In the climactic scene of the film, Miss Brodie is confronted by Sandy, and she is pointedly told that she is "not good for people, and children should not be exposed to you." Realizing she has no hope of appealing her dismissal, Miss Brodie can do nothing, but call "Assassin! Assassin!" after Sandy as she walks away. Miss Brodie states she will be transported to Australia for radicalism. The film closes poignantly with a shot of Sandy tearfully walking along after graduation as we hear a voice-over of Miss Brodie saying "Little girls, I am in the business of putting old heads on young shoulders, and all my pupils are the creme de la creme. Give me a girl at an impressionable age, and she is mine for life!"

== Fascism ==
Miss Brodie is described as a "born fascist" by one of her girls. An active teacher while fascism was gaining popularity in Europe, she openly admires Benito Mussolini and praises him in her class. She frequently tours Italy, returning inspired by what she sees as Utopia. When Adolf Hitler becomes Chancellor of Germany, she changes her holiday destination to Berlin, believing Hitler's brownshirts to be more organized than Mussolini's blackshirts. When Sandy meets Miss Brodie for tea in the Braid Hills Hotel in 1946, Miss Brodie concedes that "Hitler was rather naughty." Her advocacy of fascism comes into play when she persuades a troublesome girl to fight for Francisco Franco, which ultimately leads to tragedy.

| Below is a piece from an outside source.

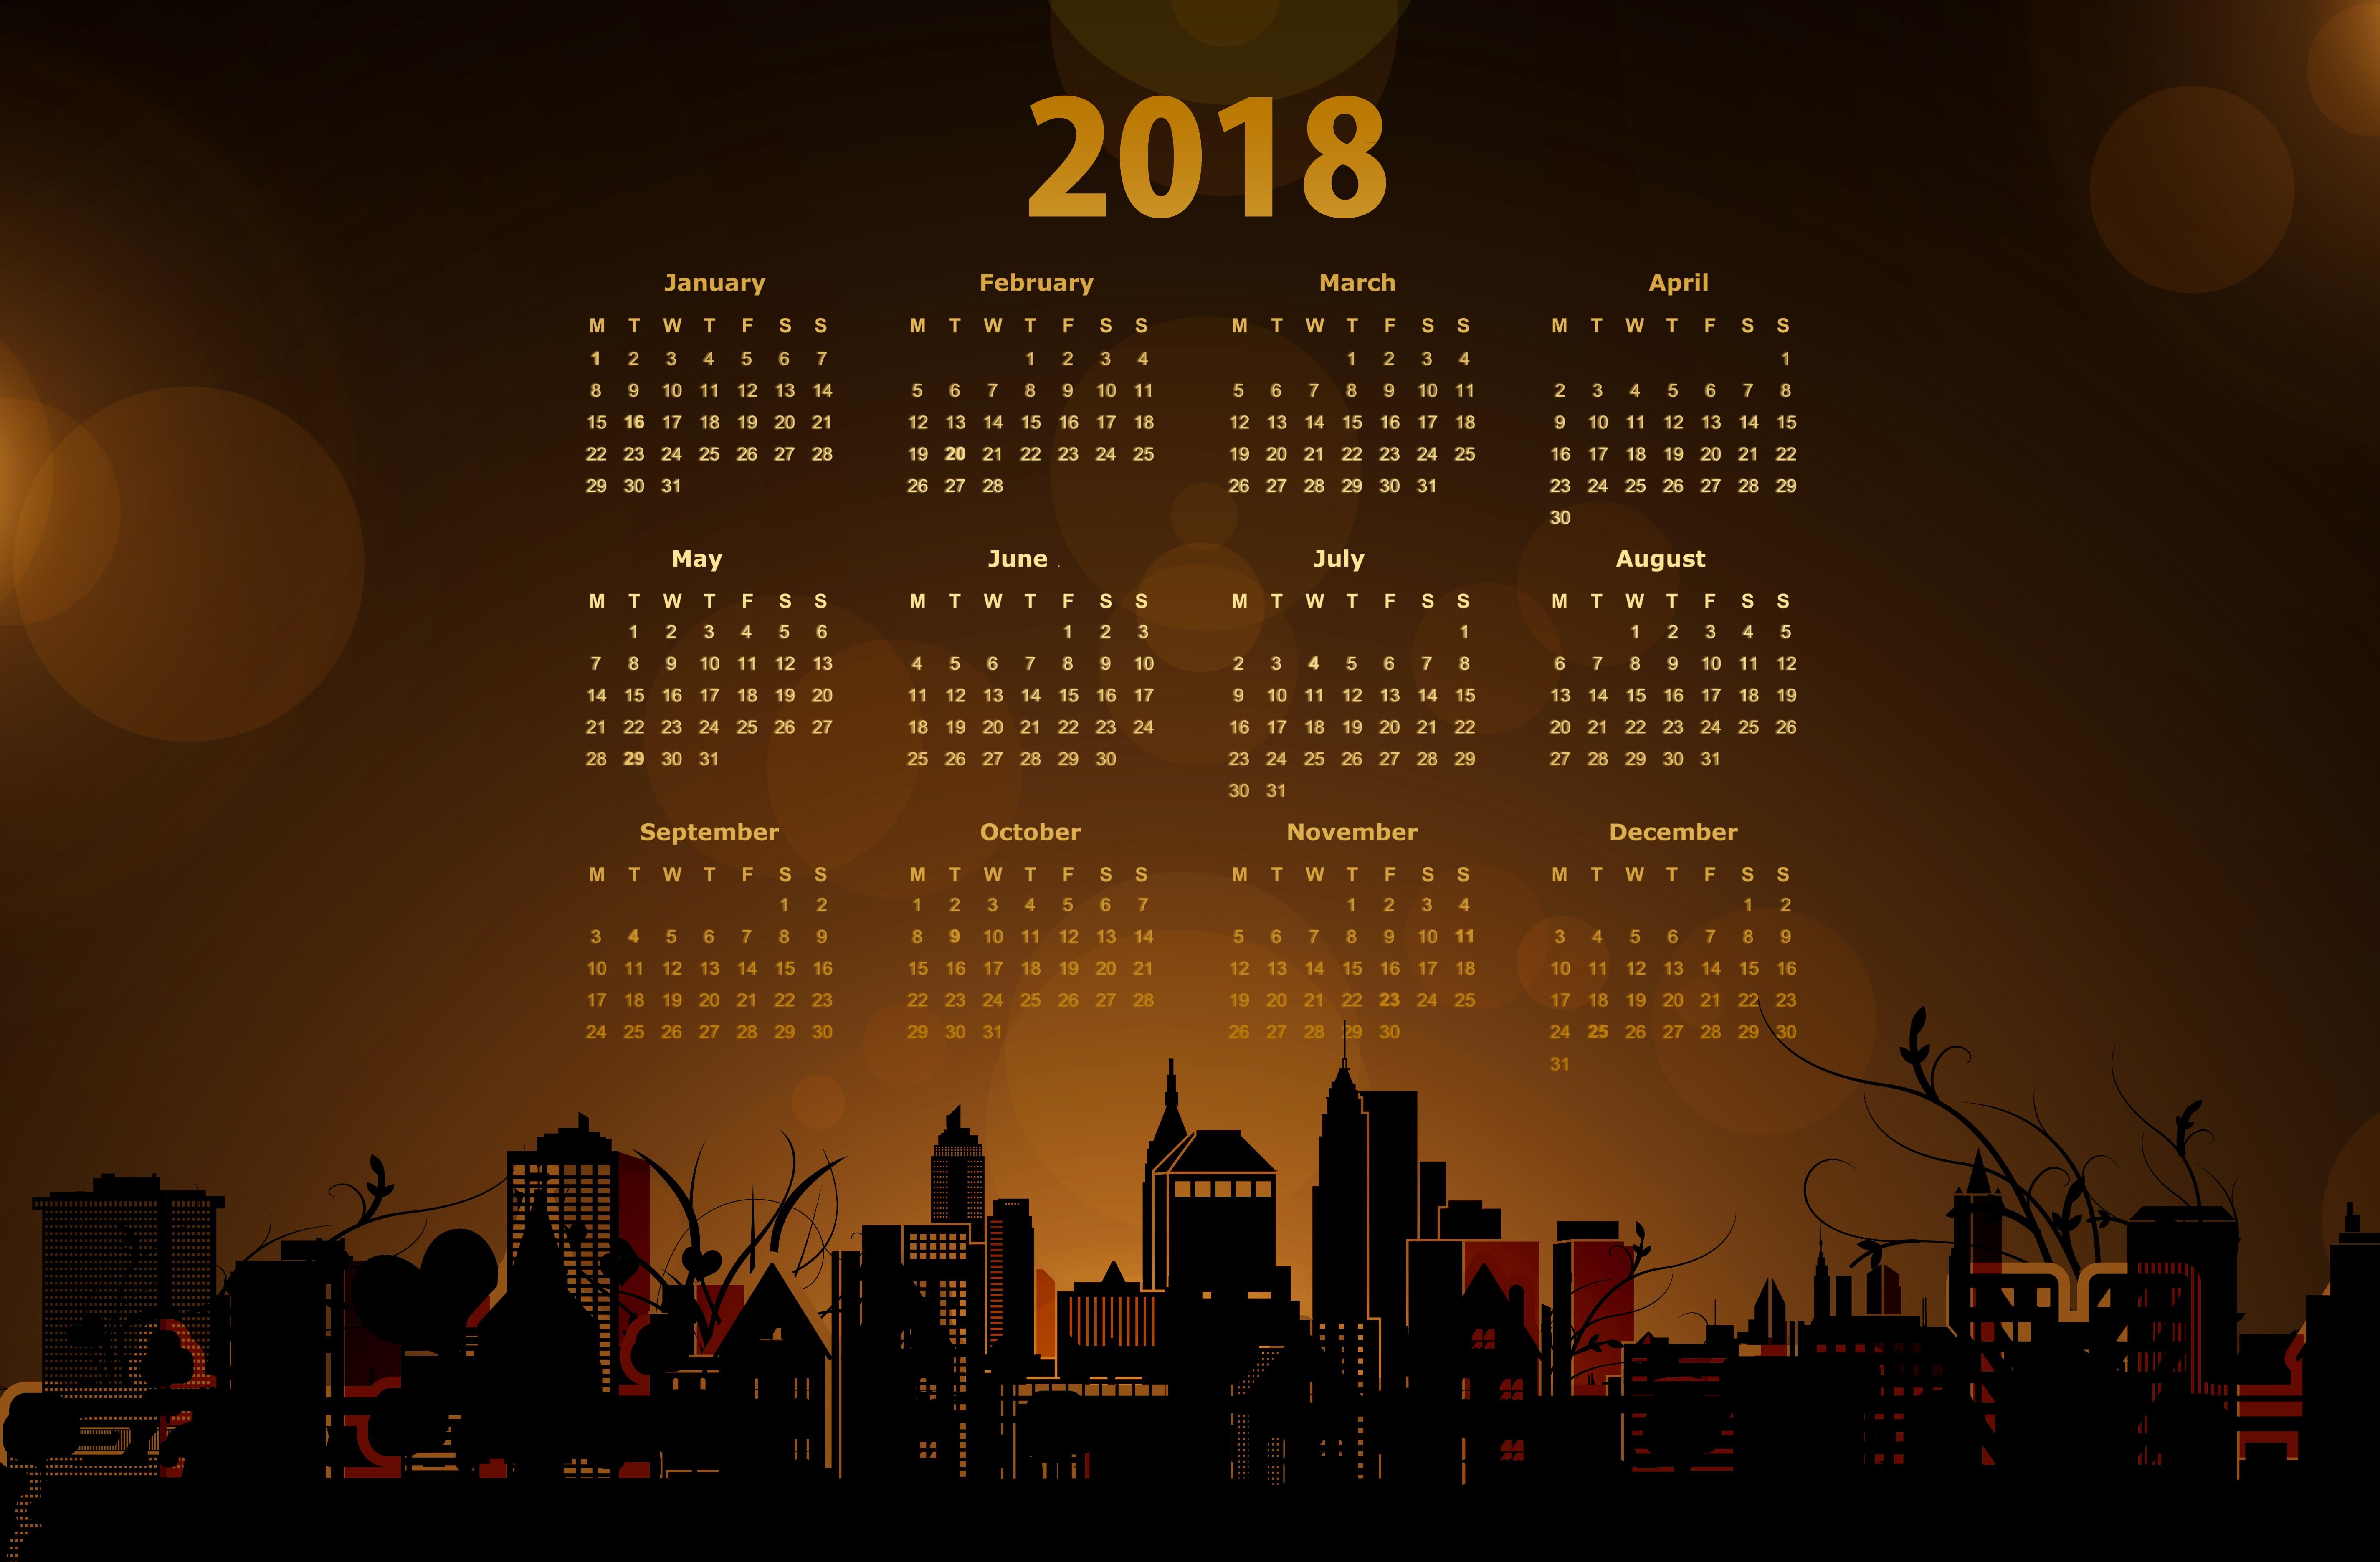 2018 Calendar With A Cityscape 5k Retina Ultra Fondo De

== Reference in later works ==
The character Domenica Macdonald in the 44 Scotland Street series by Alexander McCall Smith, taking place in contemporary Edinburgh, is compared to Jean Brodie by another character in the book (but sharing none of Brodie's attraction to fascism) and critics noted the comparison. McCall Smith also cites the book as one of his favourite humorous books.

== Portrayals ==
Miss Brodie was portrayed by British actress Dame Maggie Smith in the 1969 film adaption of the novel, The Prime of Miss Jean Brodie. Smith's portrayal earned her the Academy Award for Best Actress at the 42nd Academy Awards in 1970.

Vanessa Redgrave played Miss Brodie in a 1966 theatrical adaption of the novel in London. When the play moved to Broadway in 1968, Miss Brodie was portrayed by Zoe Caldwell, who won a Tony Award for her role.